**ABOUT THIS EXERCISE:**
Make an exact copy of all the data, pictures excluded.

**DATA:**
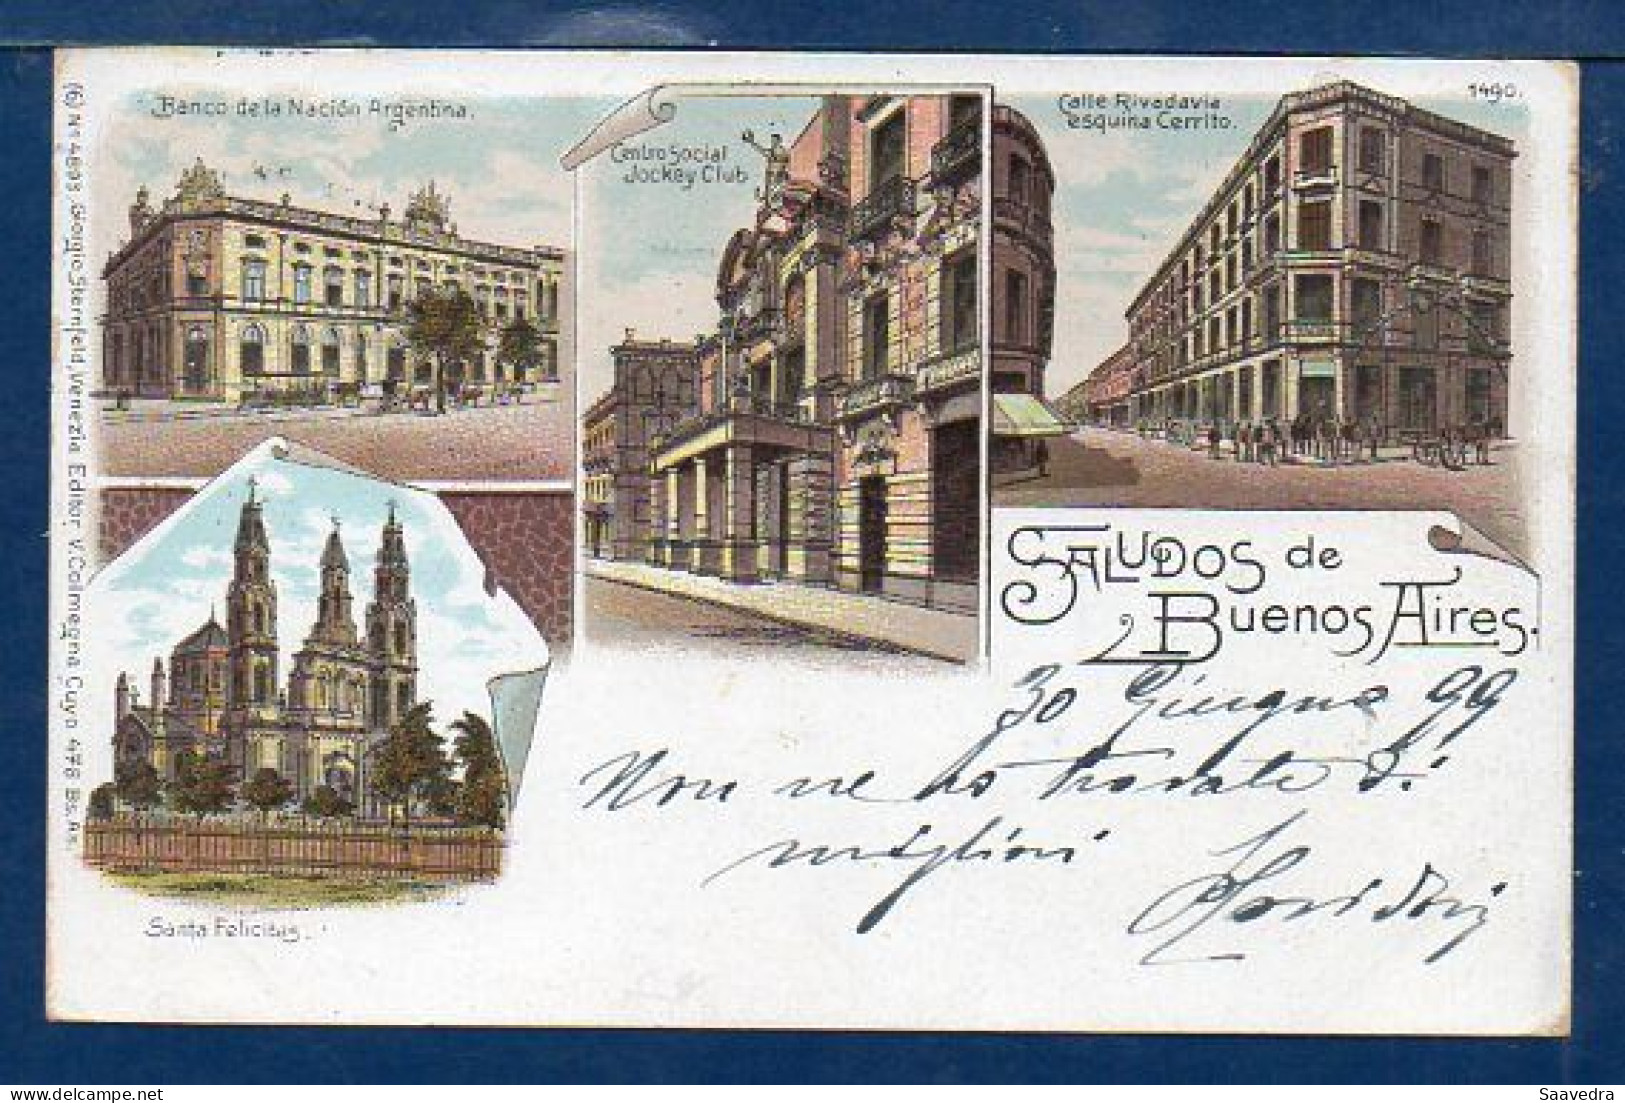 Argentina To Italy, "Gruss From Buenos Aires", 1899, Used Litho Postcard  (037) - Argentina
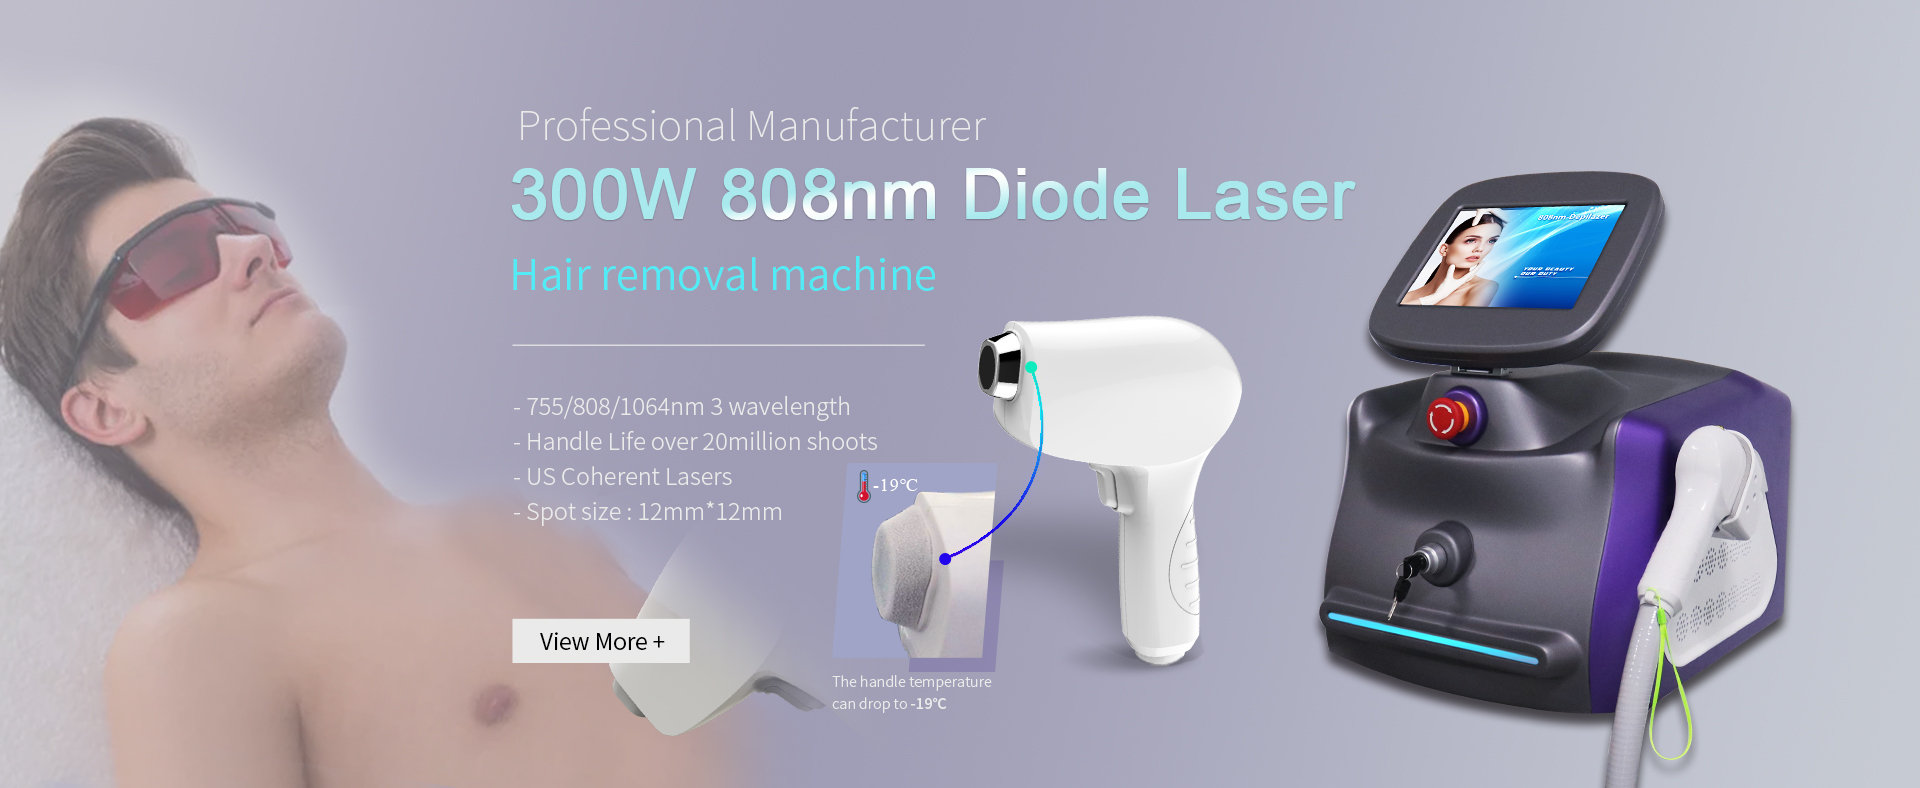 Portable diode laser hair removal|laser hair removal mahcine
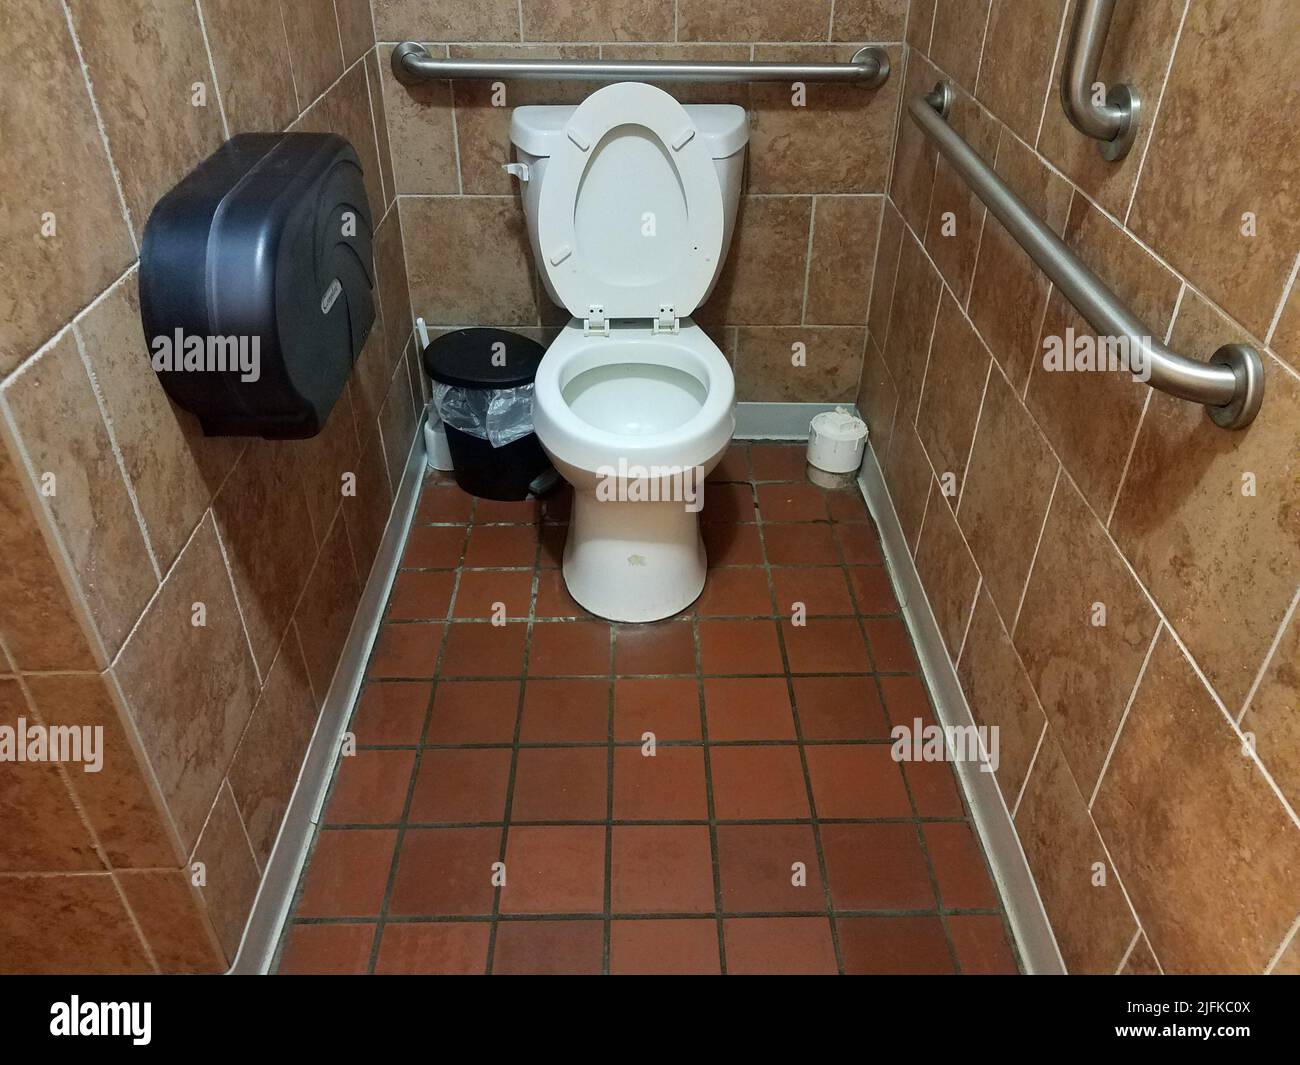 717 Men's Bathroom Stall Images, Stock Photos, 3D objects, & Vectors

**ANSWER AREA:**
 Argentina To Italy, "Gruss From Buenos Aires", 1899, Used Litho Postcard  (037) - Argentina
 Portable diode laser hair removal|laser hair removal mahcine
 717 Men's Bathroom Stall Images, Stock Photos, 3D objects, & Vectors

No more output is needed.